### Given material

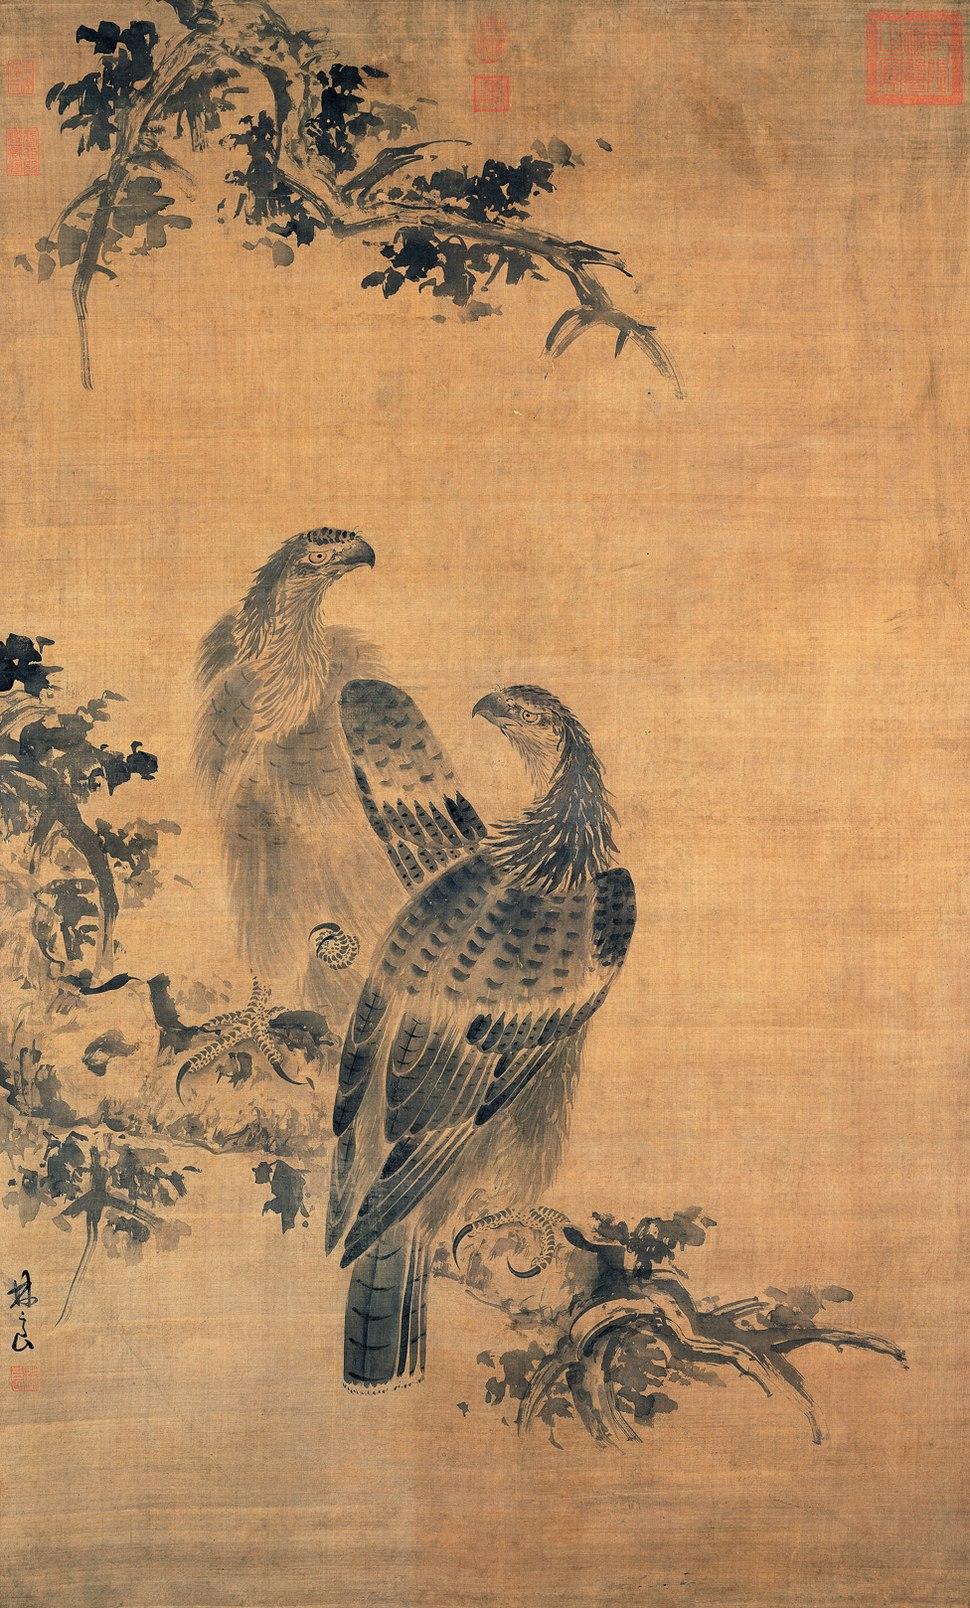 Lin Liang-Eagles
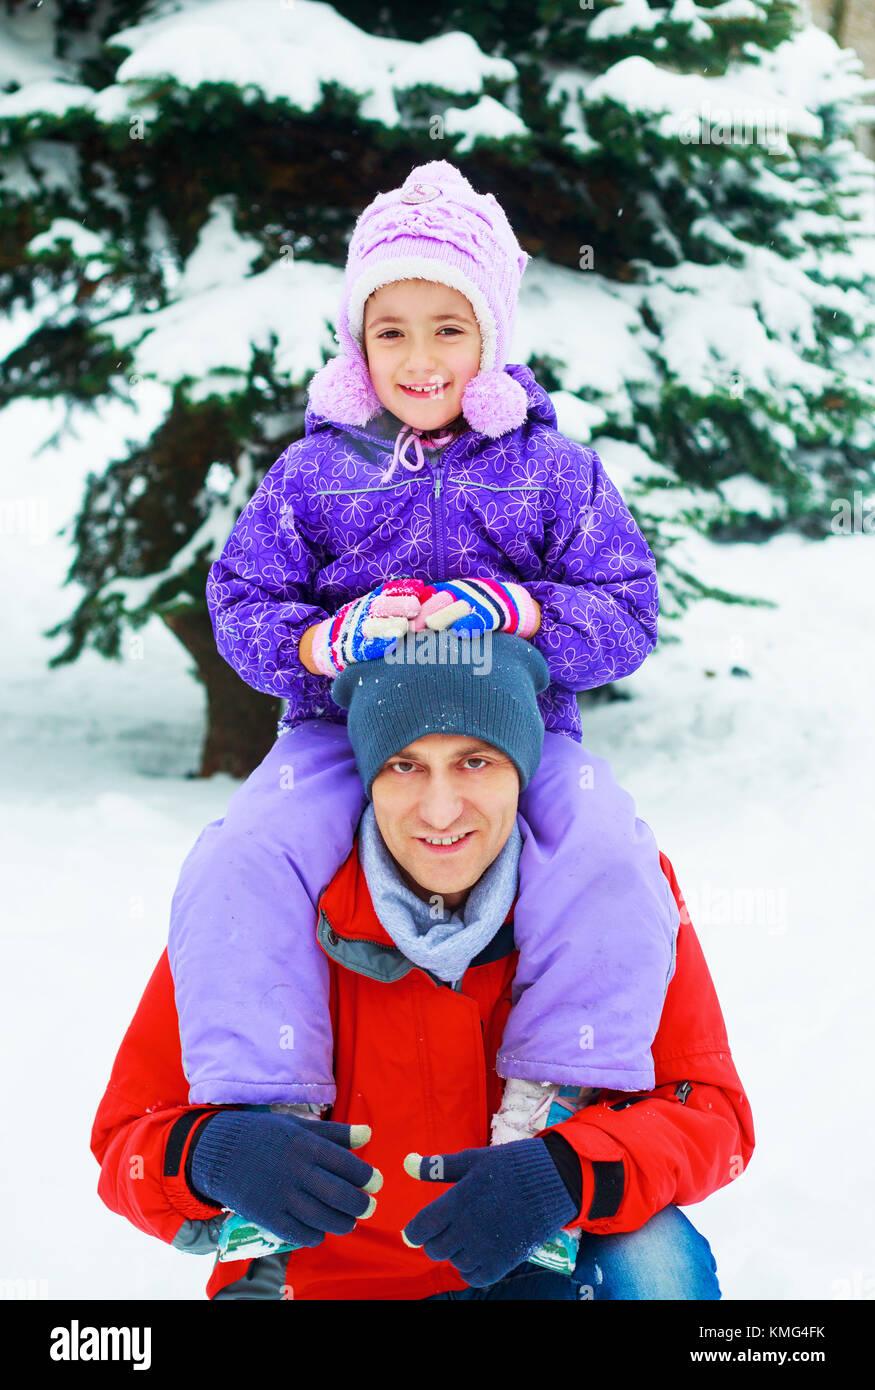 Glückliche junge Vater mit seiner Tochter outdoor im Winter Park Stockbild
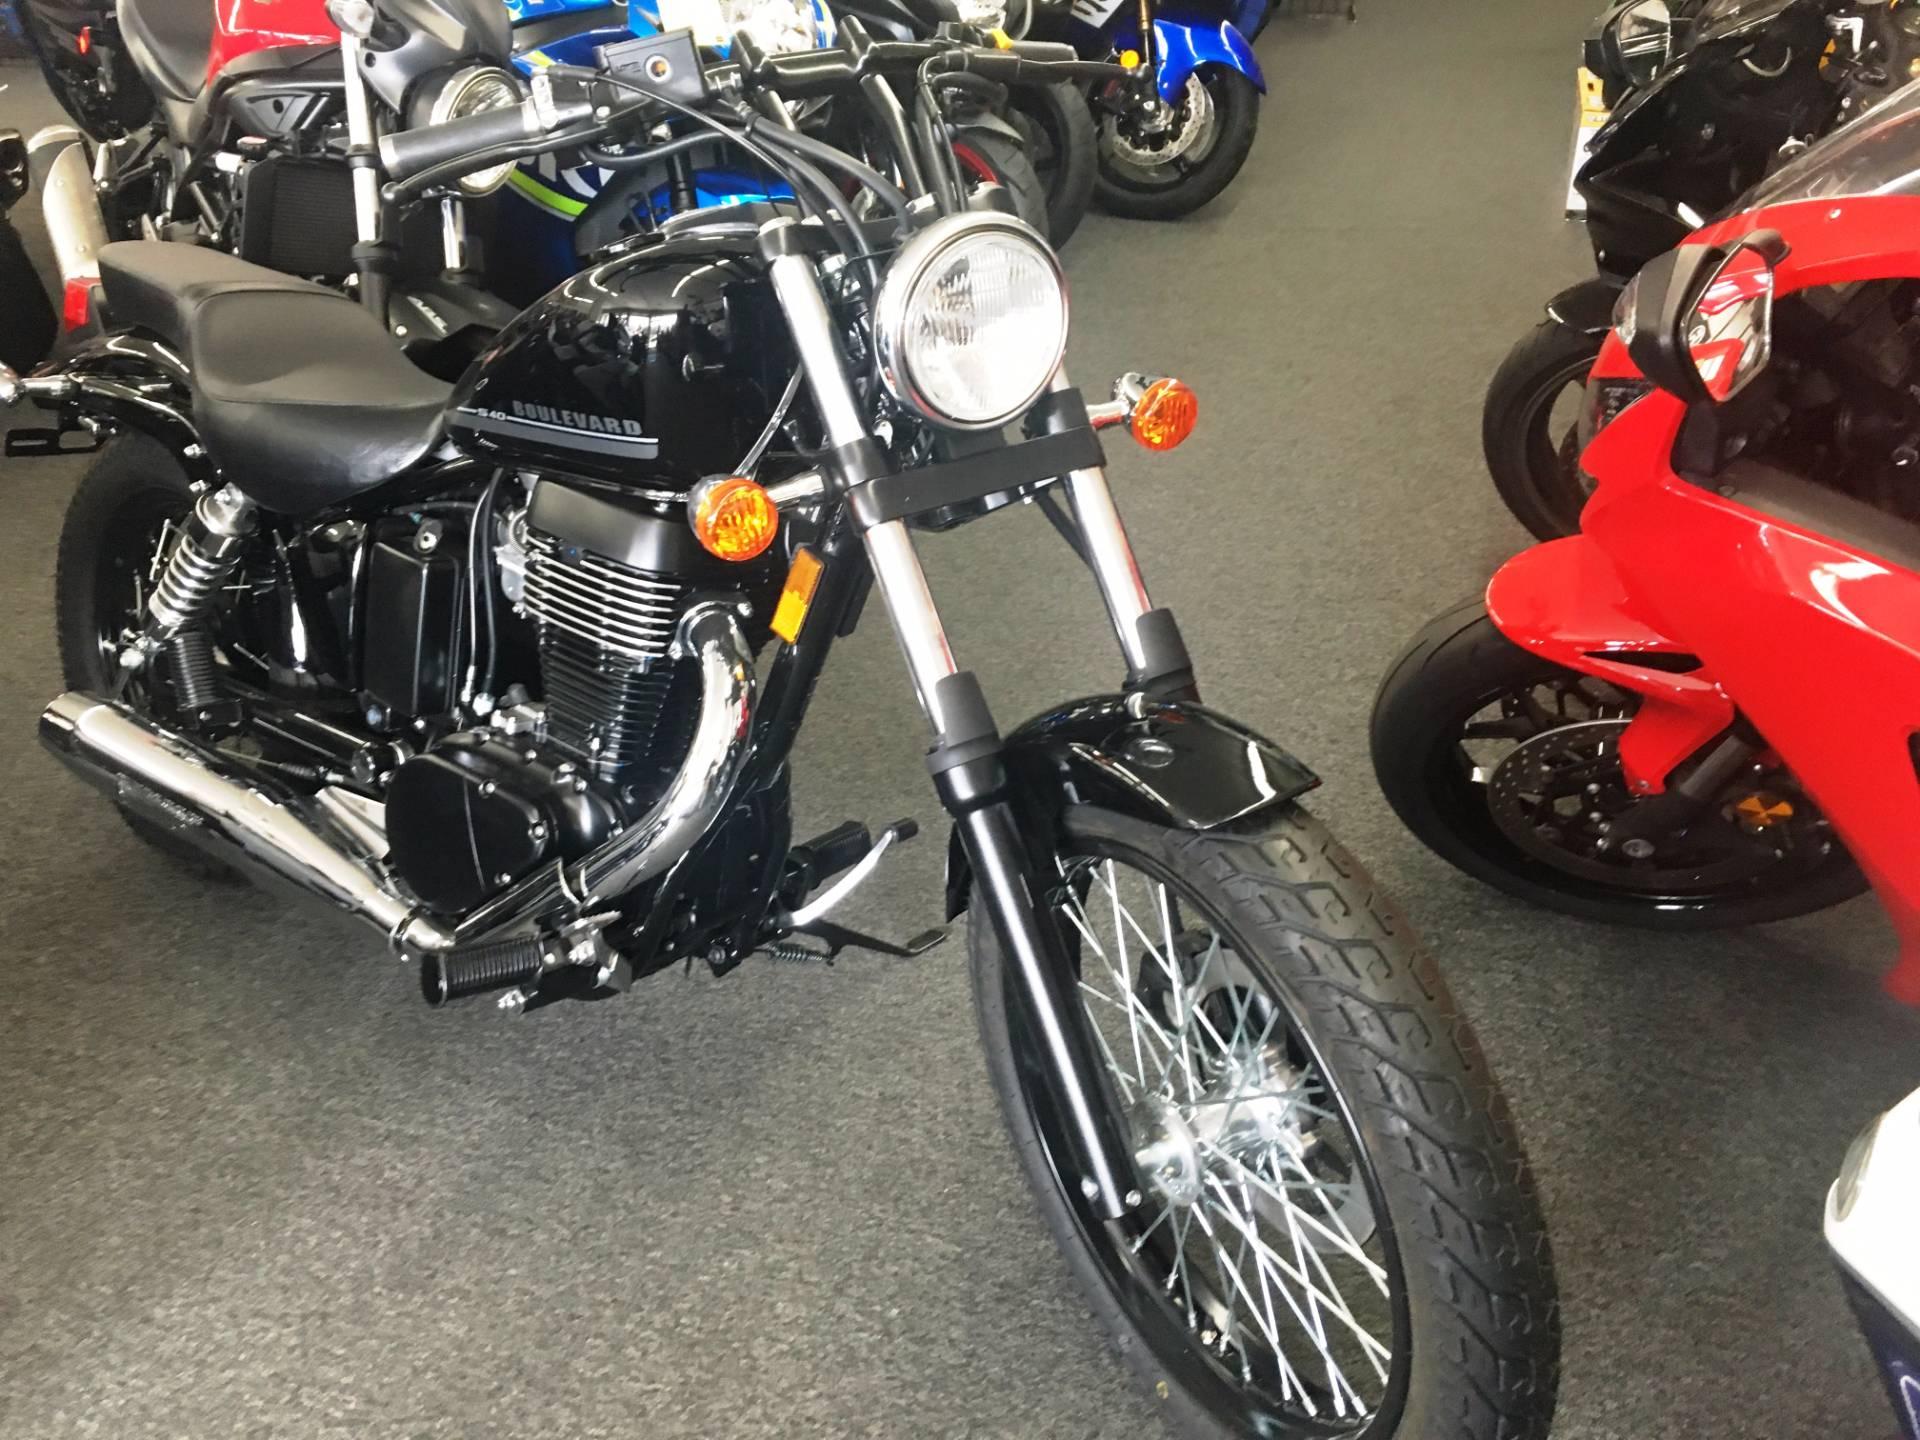 New 2017 Suzuki Boulevard S40 Motorcycles in Van Nuys, CA

######

The lines from the one containing "Glückliche junge Vater" up to and including the last line of the material above are to be given again exactly; any pictures are dropped.

 Glückliche junge Vater mit seiner Tochter outdoor im Winter Park Stockbild
 New 2017 Suzuki Boulevard S40 Motorcycles in Van Nuys, CA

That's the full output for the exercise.